In 2018, the Fraser Institute published a report by political scientist Tom Flanagan which concluded that first nation communities that received a compensation following the settlement of a specific claim did not score better on the Well-Being Index of First Nations than those who didn't. He argues that specific claims were essentially a multi-billion-dollar liability for the government, while statistical evidence showed no positive impact to settling these claims. Flanagan also criticized changes made over the years to the specific claims policy to make it more accommodating to the First Nations, which he blames for creating ever-growing backlog of claims being filed every year. In order to settle all of the specific claims one and for all, Flanagan suggests the implementation of a deadline after which First Nations will no longer be able to file new specific claims. This would be akin to the United States' Indian Claims Commission's 10-year period to file claims, which allowed it to settle all of their indigenous land claims in under 40 years.

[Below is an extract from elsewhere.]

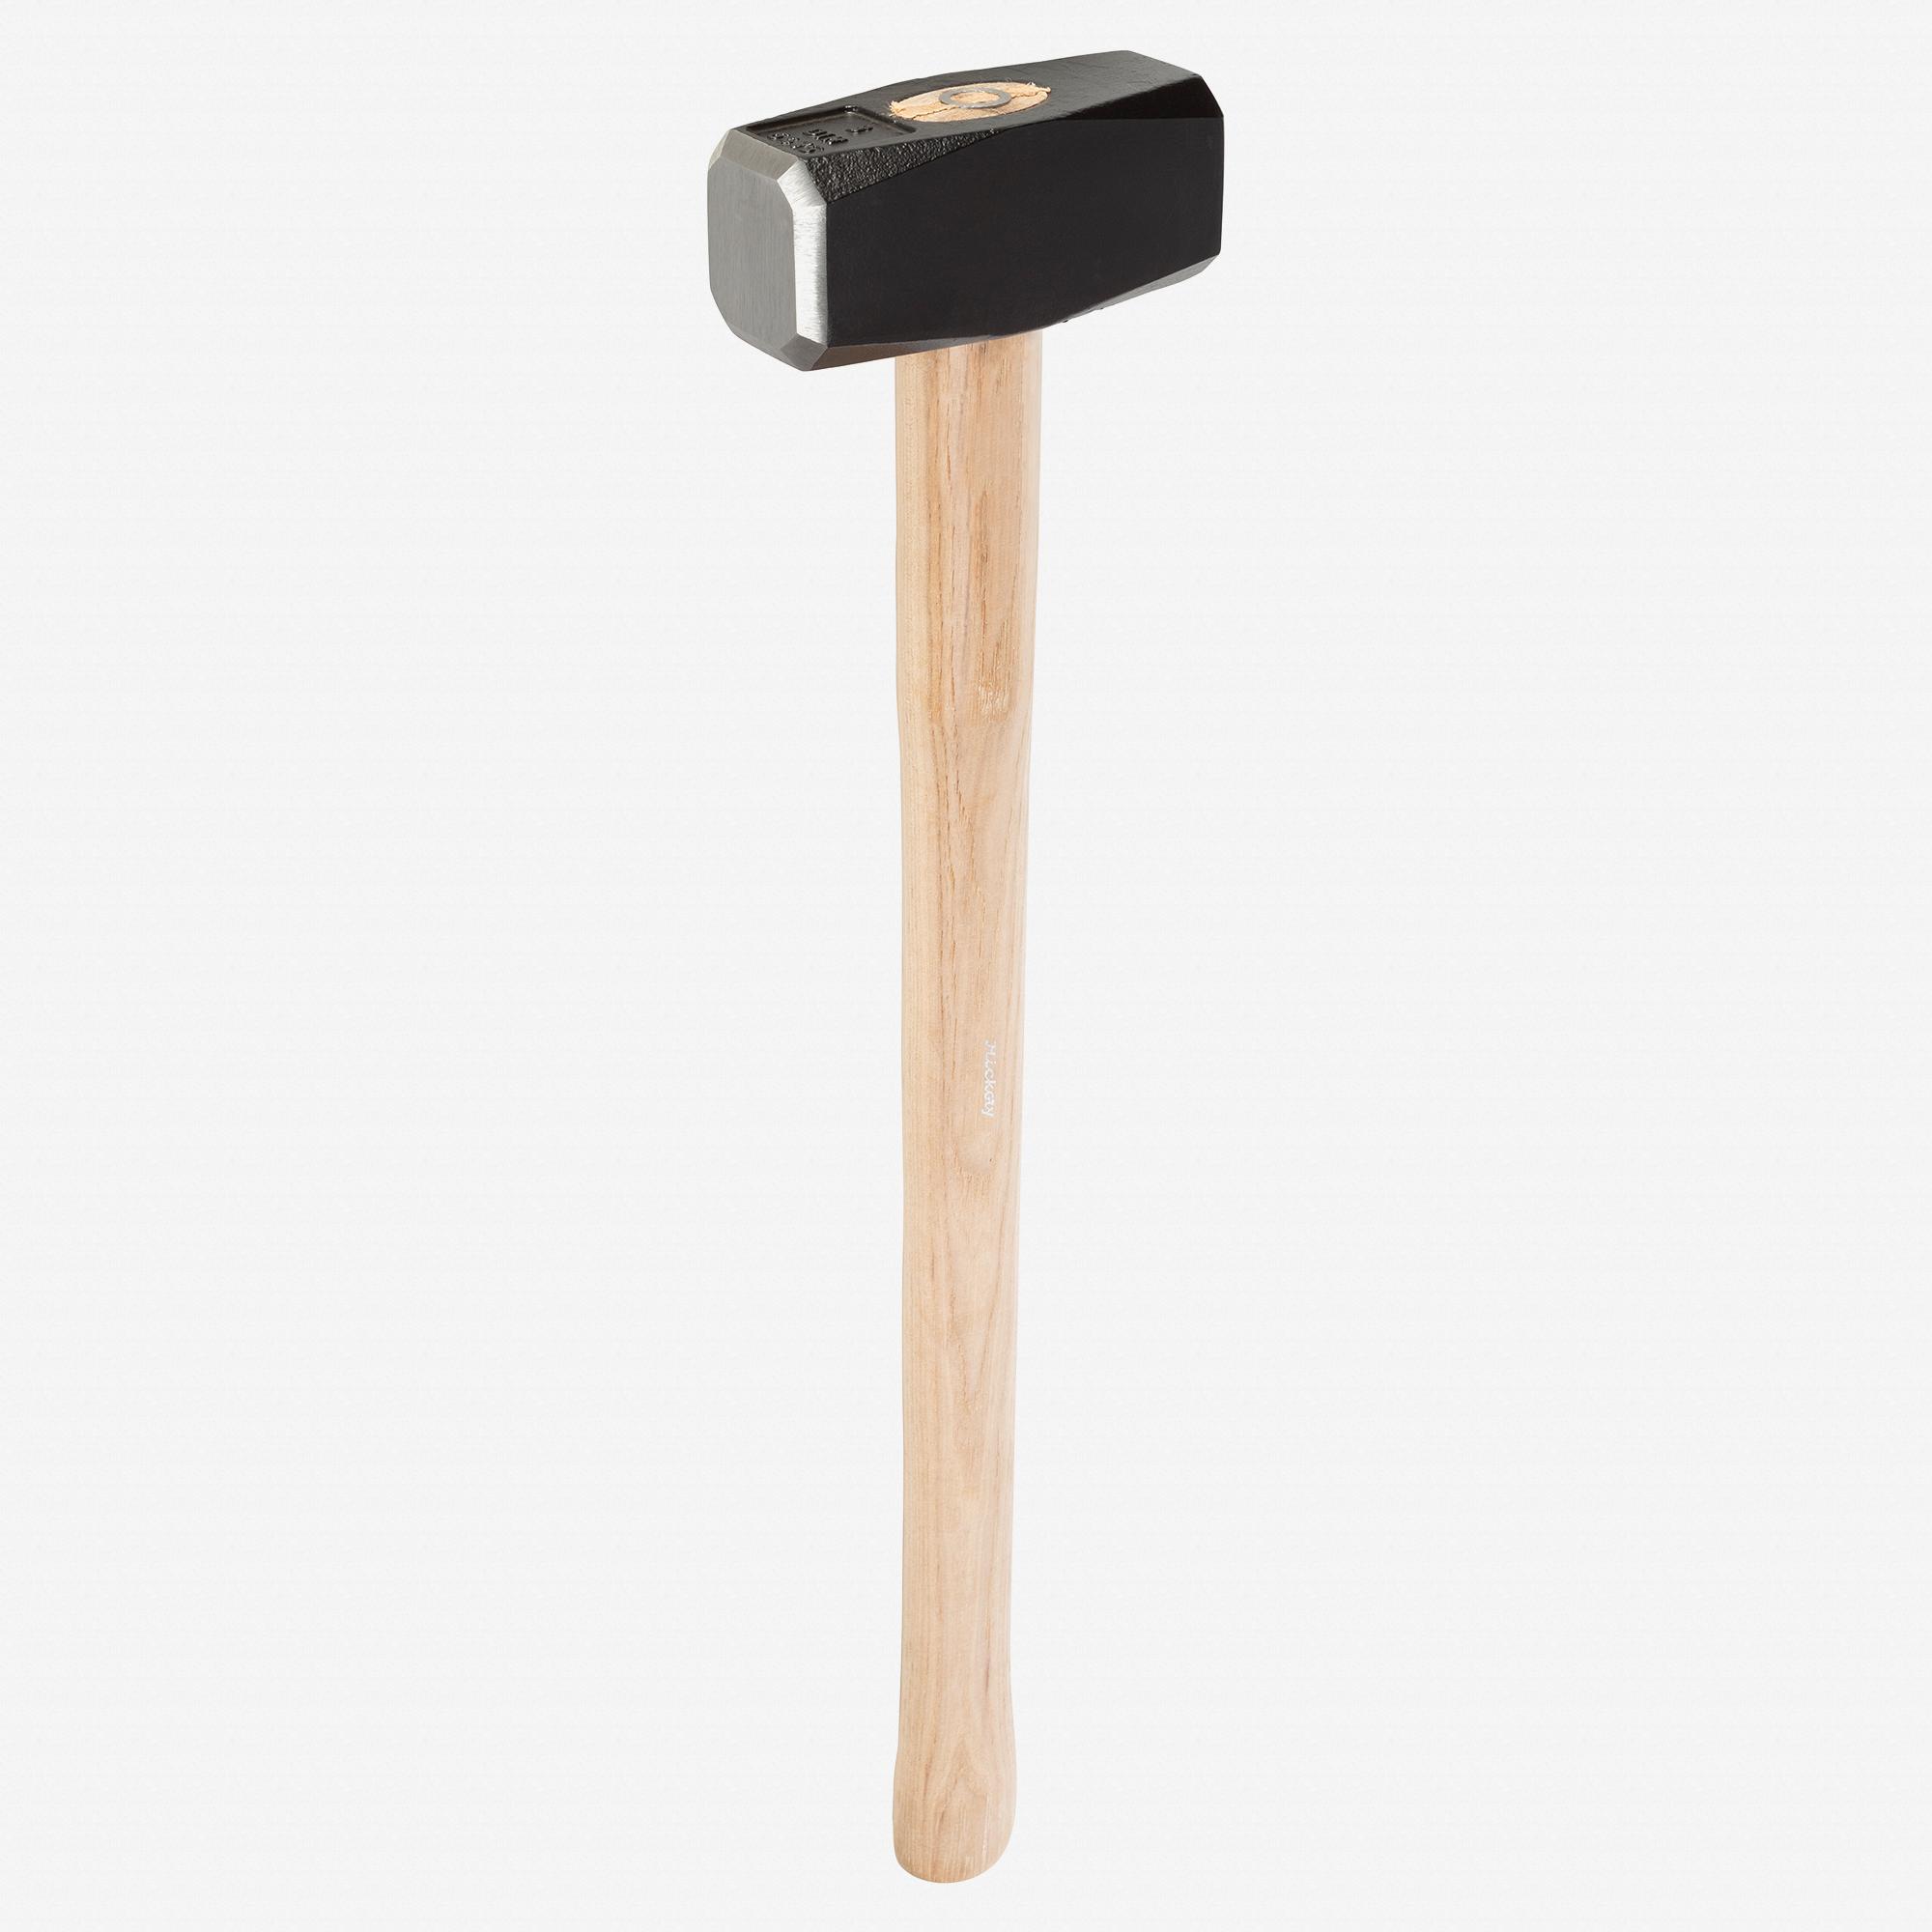 Picard 8.8 lb Mining Sledge - KC Tool

In response to Flanagan's report, lawyers Alisa Lombard and Aubrey Charette published an opinion piece in which they said that the intent of Specific Claims is to bring justice to defrauded First Nation communities, and is not a welfare program. Therefore, comparing the First Nation communities who settled a specific claim with those who did not using the Well-Being Index is irrelevant to what the Specific Claims process is trying to accomplish.

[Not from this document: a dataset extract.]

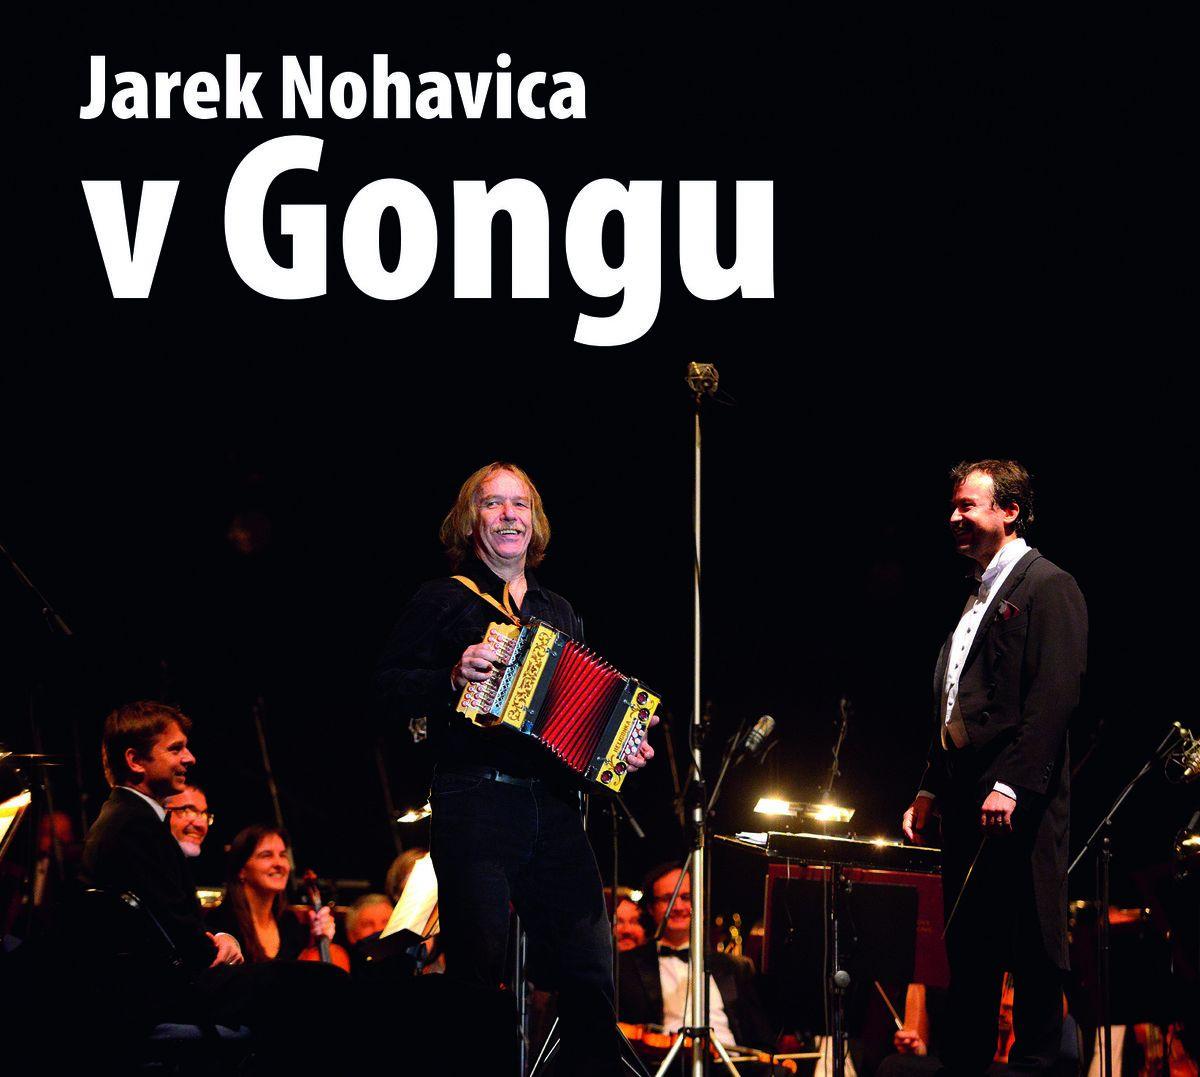 V gongu - CD + DVD

A 2018 report by the British Columbia Specific Claims Working Group came to the conclusion that the federal government failed to comply by their legal obligation to assess claims in a 3 years period over 65% of the time. On average, the government finishes assessing the claims 5 months after the legislated deadline. In an open letter to Crown-Indigenous Relations minister Carolyn Bennett, the Union of British Columbia Indian Chiefs stated that this "[n]on-compliance with legislation enacted to protect the rights of Indigenous Peoples...contradicts every public commitment your government has made regarding reconciliation." Stephan Matiation, director of the Specific Claims Branch at Crown-Indigenous Relations and Northern Affairs Canada, responded that his team is understaffed, which causes delays in the assessment of claims.